Alright, that's entirely understandable! So it looks like the back compat thing for let chaining came from this comment discussion: #60861 (comment) and an associated fixme in the feature gate ui test introduced by that pr which passes here because this pr doesn't inflict the new behaviour on any edition yet. In other words, this one is here because of conservatism. But we can probably assume that someone out there has written a macro that depends on the exception in the current expression behaviour based on the next one's experience:
The other exception for inline const was because we got bitten by the issue that was proposed in the above discussion, but in the context of inline const. This exception got in because of #80135: it was needed to keep some macros on beta working, which expected the const keyword then some expression after, as I understand it based on my testing and reading examples.
The former exception was removed here since I was bifurcating anyway and could reserve it.
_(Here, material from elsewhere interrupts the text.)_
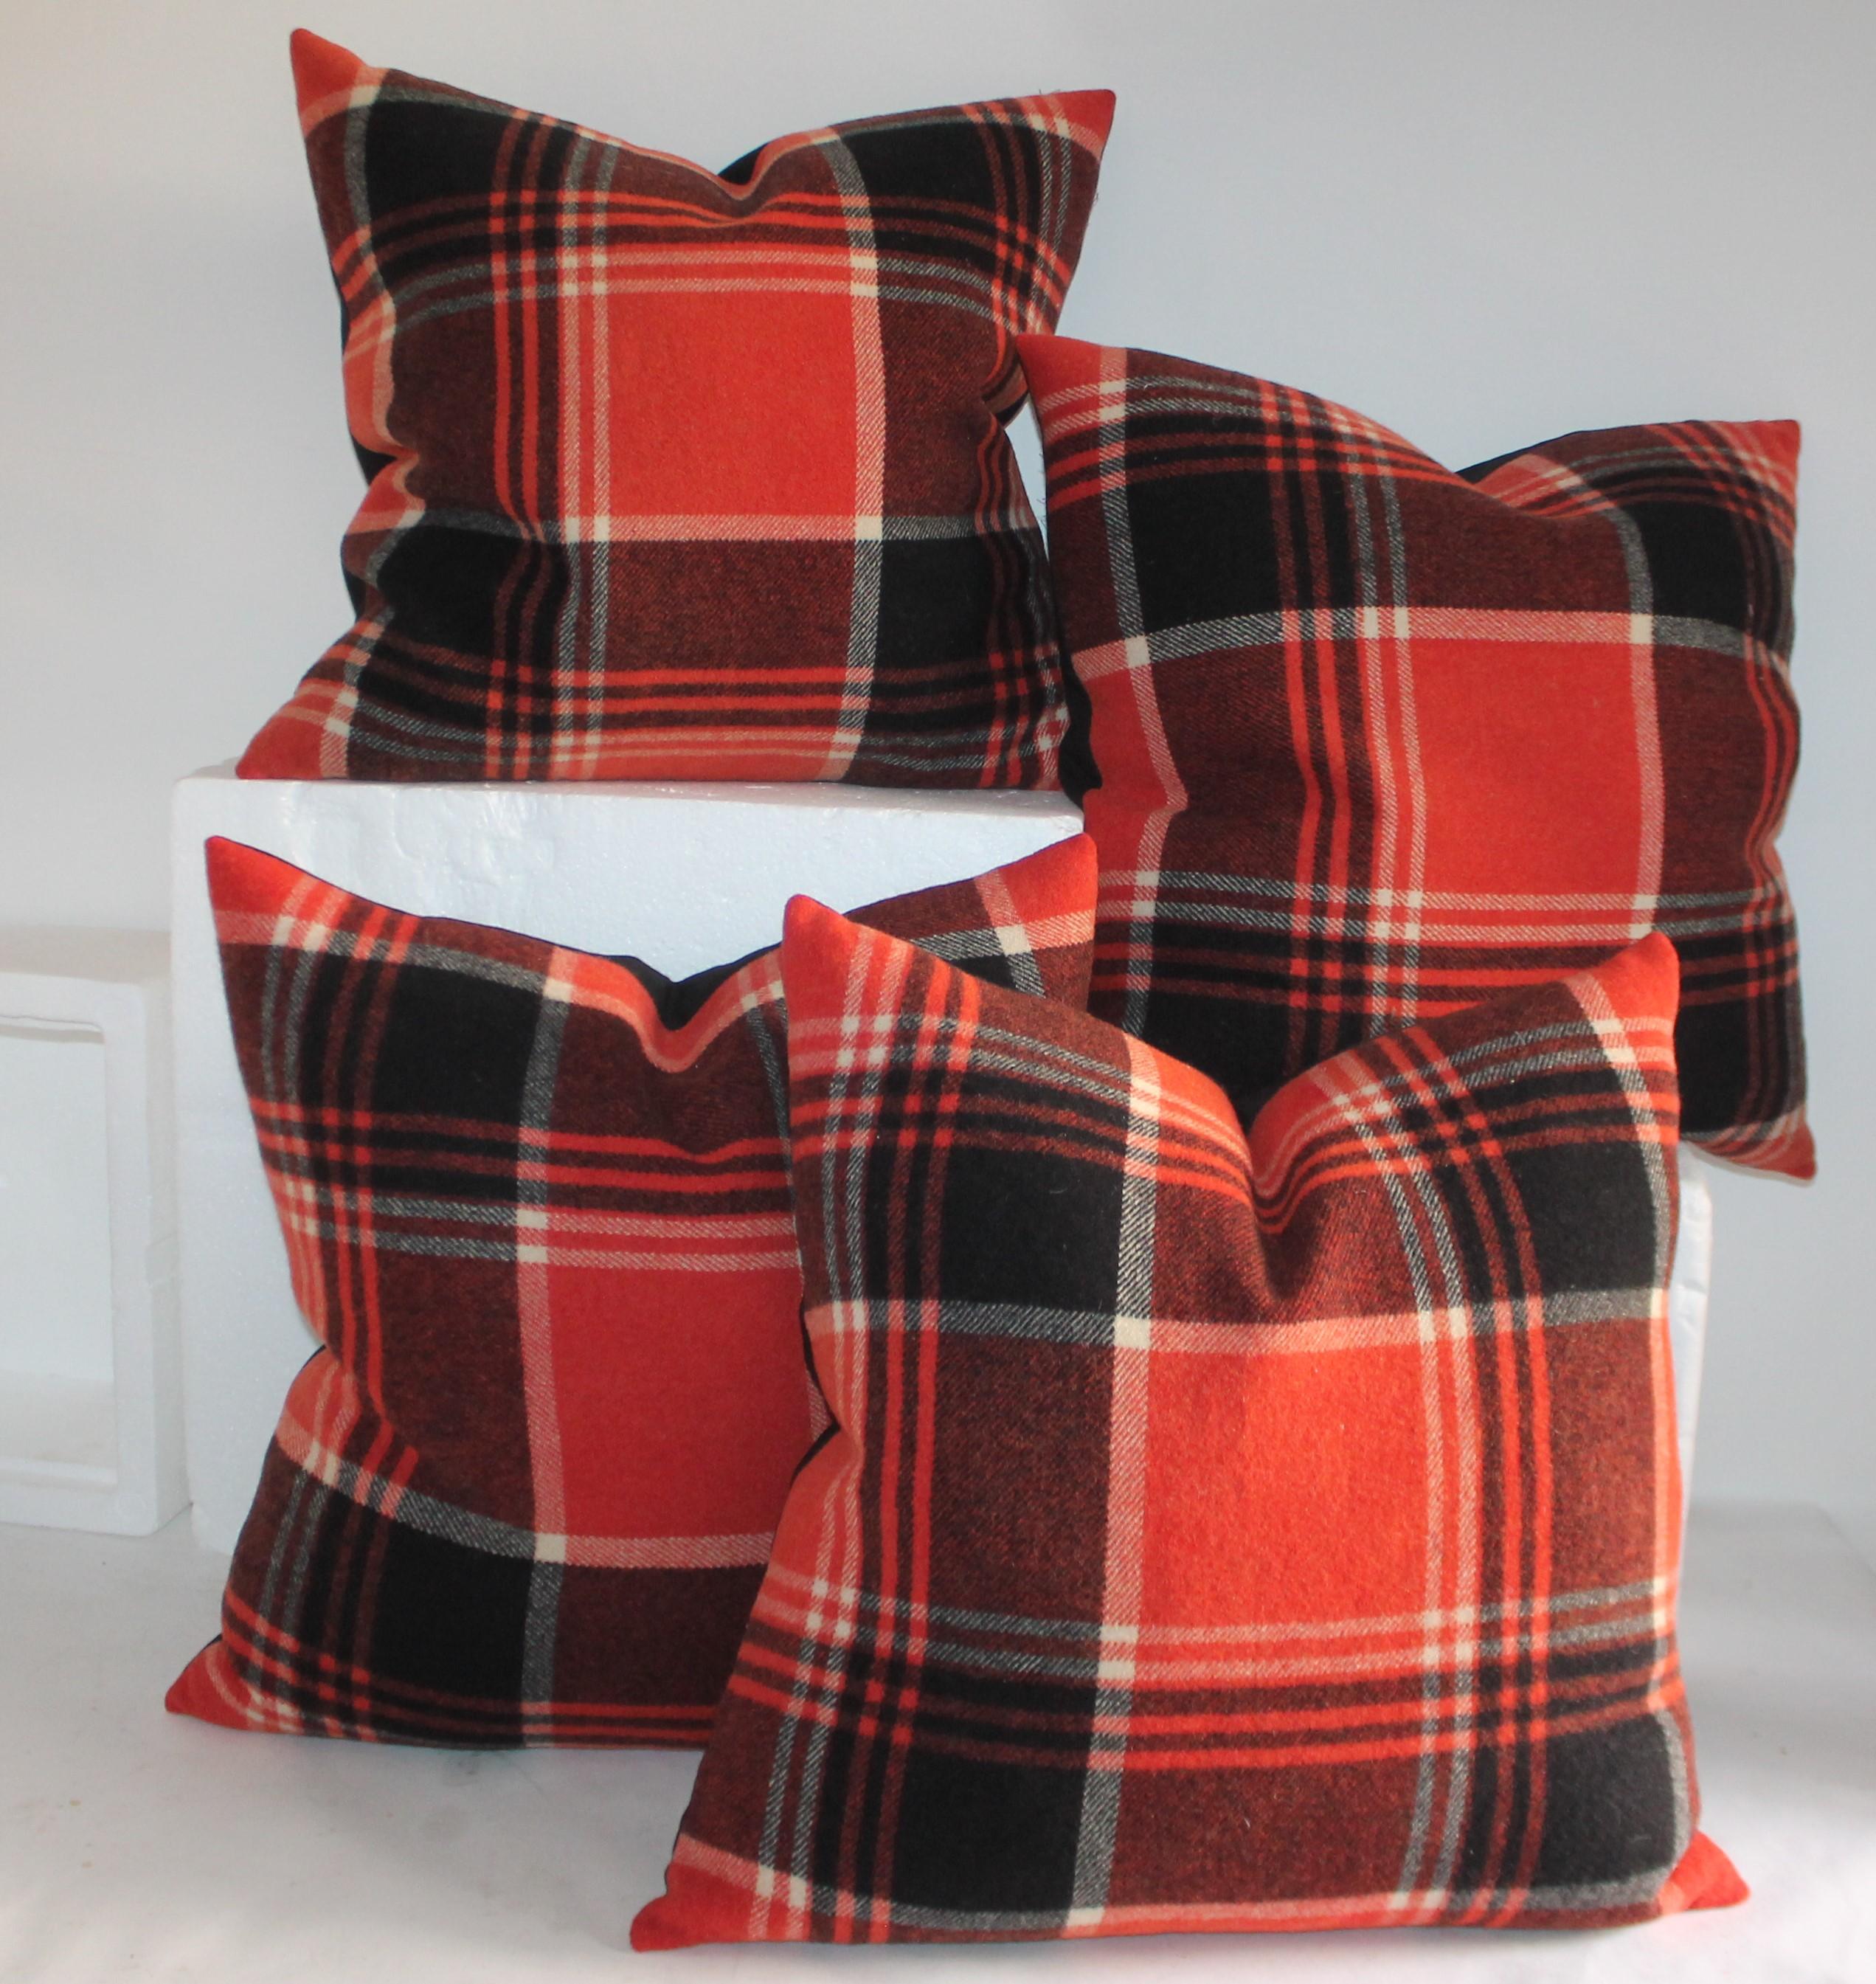 Collection of four black and red plaid pillows in great condition. The textiles were pulled from a vintage camp blanket made from wool. Beautiful pattern to the pillow with a vintage linen backing.

The latter was because of inline const needing to have parens around it to be valid in macro invocations currently, which is odd and rather confusing (I didn't know about this trick to get it accepted by the parser until it was pointed out to me by a friend so I assumed it simply wasn't allowed. the error here is bad too). Macros taking :expr
seem liable to hit an issue shaped like this whenever a syntax extension to expressions happens, as a form of inherent fragility, so it's probable some more exceptions like these might get introduced as extensions get added.
Does this need to happen now? Not strictly. It could happen later or never, at the expense of macros being a little more confusing: This PR was written while I was under the invalid impression you couldn't pass a const block to a macro as an expression, which I now know is possible with parens, but that fact was anything but discoverable. It would be good to resolve the syntax ambiguity to favour consistency in being able to put const { ...}
anywhere an expression could go, including in macros, imo. I'm not super familiar with let chaining or how this applies in its case, although I'd be inclined to believe that a similar argument could be made.